This is a perfect example of what Andrew Wilson has called the “New Marcionism“, which, while not explicitly repudiating the OT the way Marcion did, insists on seeing such a radical discontinuity between the God we see testified to in the OT and that of the NT that it has much the same effect.

Let me unsympathetically paraphrase Zahnd for you to see the problem: “The ancient Israelites who wrote the Holy Scriptures got some stuff wrong, but we know better now that Jesus came. We know that Jesus would never order something like that, so we know that God didn’t order something like that, so just don’t trouble yourself about it. The verses are just wrong. I mean, sure, Jesus said that the Scriptures all pointed to him (John 5:39), and the law is to be perfectly fulfilled (Matt. 5), and we can assume he read those parts, but he couldn’t possibly have meant all of it. Sure we have parallels in the NT with Revelation and God raining down judgment, etc. not to mention Jesus himself casting down judgment of his own, but again, don’t let that trouble you. Nevermind the deeply pervasive theology of God the Warrior who goes before Israel in battle that informs much of the OT, and depends on some of those “mistaken assumptions”–just try and skip those bits. I mean don’t worry that this even figures into Luke’s telling of Acts as a conquest narrative. Just squint until you see it properly. God wouldn’t do anything like that. I mean, don’t bother trying understand the difference between God’s administration of covenant justice in Israel v. the Church because of Christ’s ushering in a new phase in redemptive-history. It’s not that the same God can manifest his eternally good and beautiful character in consistent, but historically-distinct ways. We have the much easier option of saying the Israelites just got it wrong. Simple as that. Don’t worry about what that does to undermine the authority of the OT and its ability to actually point to Jesus Christ. Please don’t trouble yourself with the way this sort of crypto-Marcionism might spill into the subtle anti-Semitism of viewing the Old Testament as an inherently inferior text like the old-school German Liberal scholars who made this sort of argument popular back in the early part of the 20th Century. I mean, no big deal.”

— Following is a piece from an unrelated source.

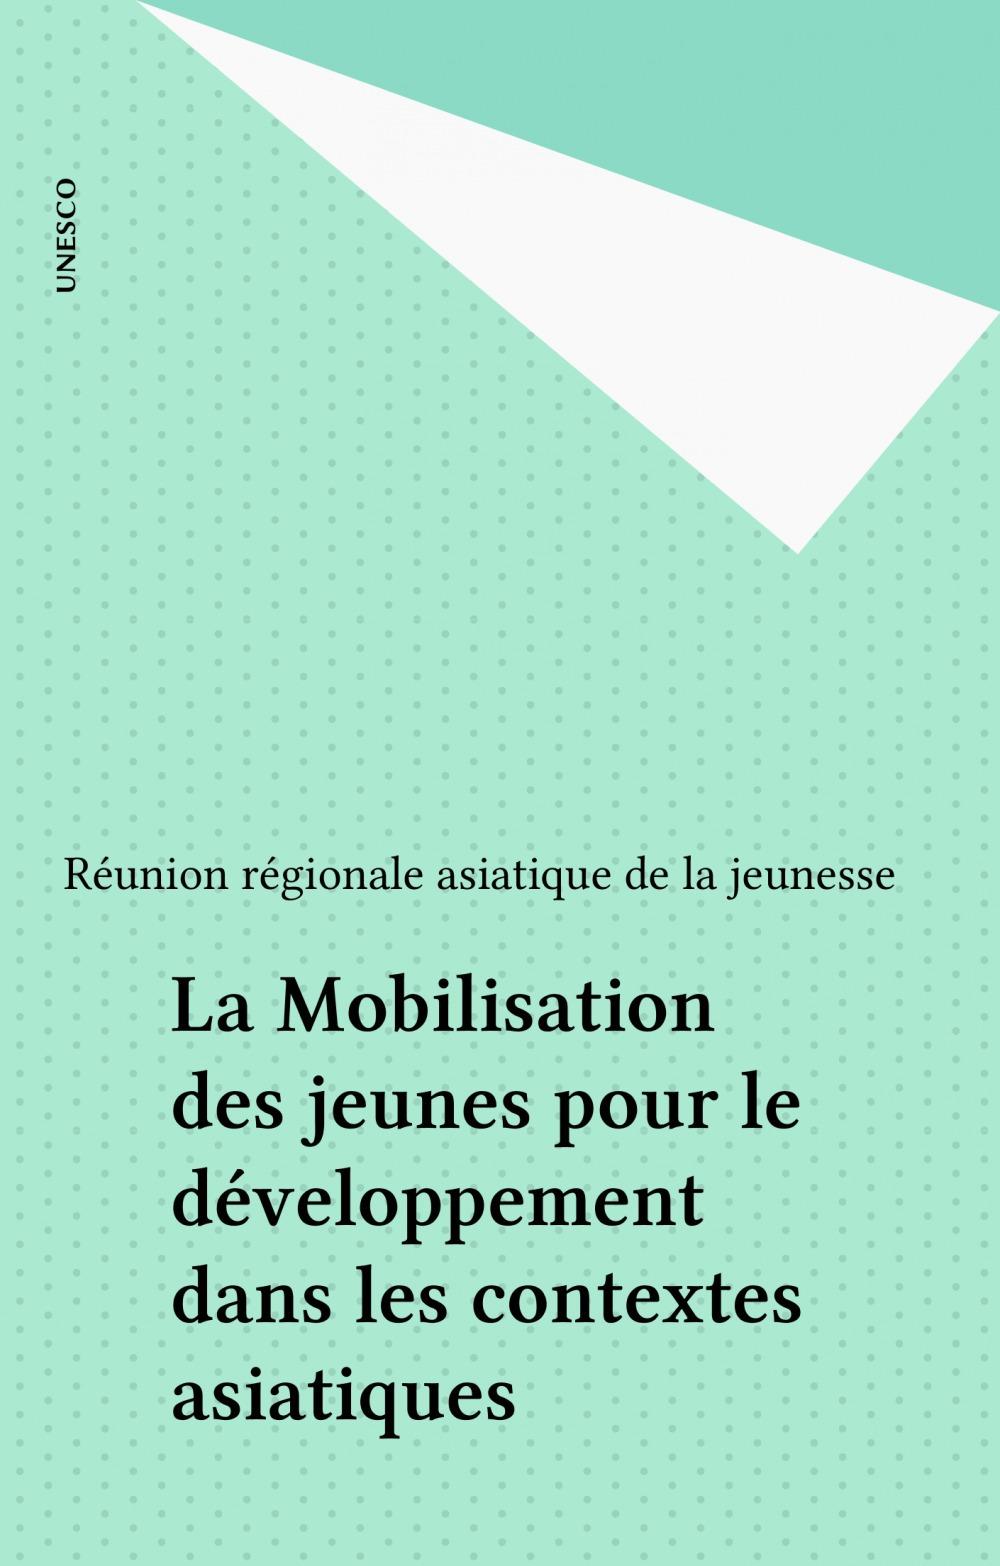 La Mobilisation des jeunes pour le développement dans les contextes asiatiques

In a dispute with the Pharisees in John 10:35, Jesus tells us that the scriptures cannot be “broken.” The Greek word there is luo which can be translated “to destroy, to tear down, the break to pieces” (Louw-Nida 20:35).  Essentially, it can’t be ignored, released, explained away, or rendered null or void. Except, that’s exactly what Zahnd suggests we do with those uncomfortable bits.

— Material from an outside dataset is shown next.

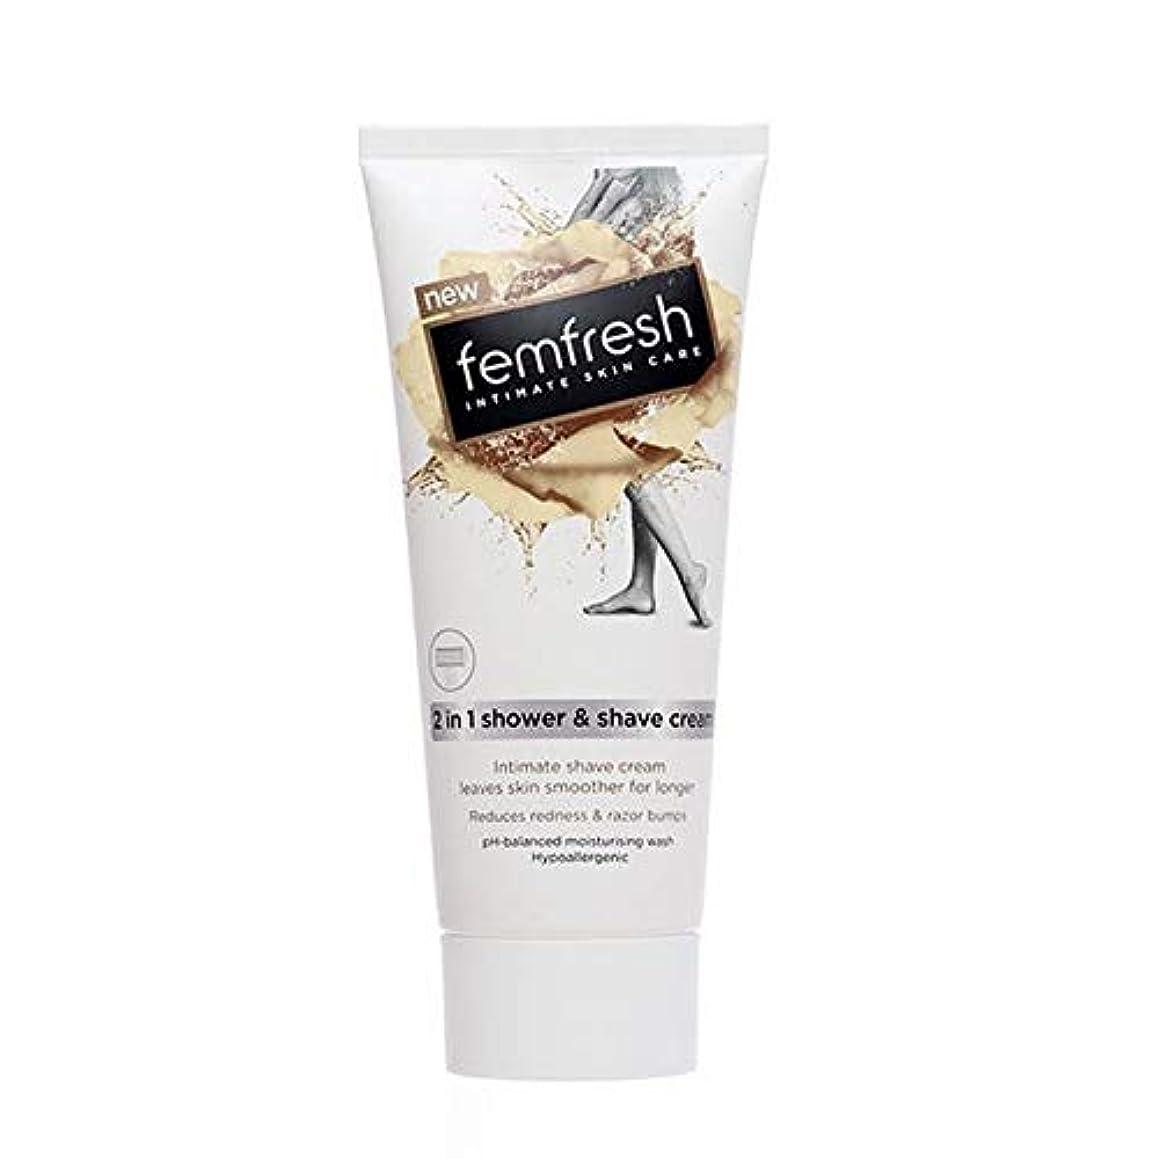 実験室雄大な通路[Femfresh] Femfreshシャワー&シェーブクリーム200ミリリットル - Femfresh Shower & Shave Cream 200ml [並行輸入品]

On ‘Christocentric’ Readings (Or, The Cure that Killed the Patient)  

Here’s the thing, when your “Christocentric” reading of the Scriptures leads you to ignore or deny parts of Scriptures the way Christ says shouldn’t happen, you might be doing it wrong. Realize that this isn’t about whether we’re going to read the Bible in light of Jesus, but about how. Does the revelation of Jesus Christ crucified and risen shed light on and transfigure the testimony of God’s dealing with Israel, or simply deny, or downgrade its validity by cutting chunks out?

Of course, this goes to the deeper theological question who we’re going to allow God to be? Will we allow him to reveal himself as a God who, though simple in essence, is narratively-complex in his self-rendering in the history of Israel?  “The Lord, the Lord, a God merciful and gracious, slow to anger, and abounding in steadfast love and faithfulness, keeping steadfast love for thousands, forgiving iniquity and transgression and sin, but who will by no means clear the guilty, visiting the iniquity of the fathers on the children and the children’s children, to the third and the fourth generation.” (Exod. 34:6-7) Do we let Jesus be both the one who longs to shelter Jerusalem under his wings to save them, all the while forcefully proclaiming God’s impending, violent, judgment on their sins (Matt 23:29-39)? Do we allow for the full picture of Jesus to emerge, or the one we’ve shoved into our pacifistic Procrustean bed, and shave off the verses that don’t fit?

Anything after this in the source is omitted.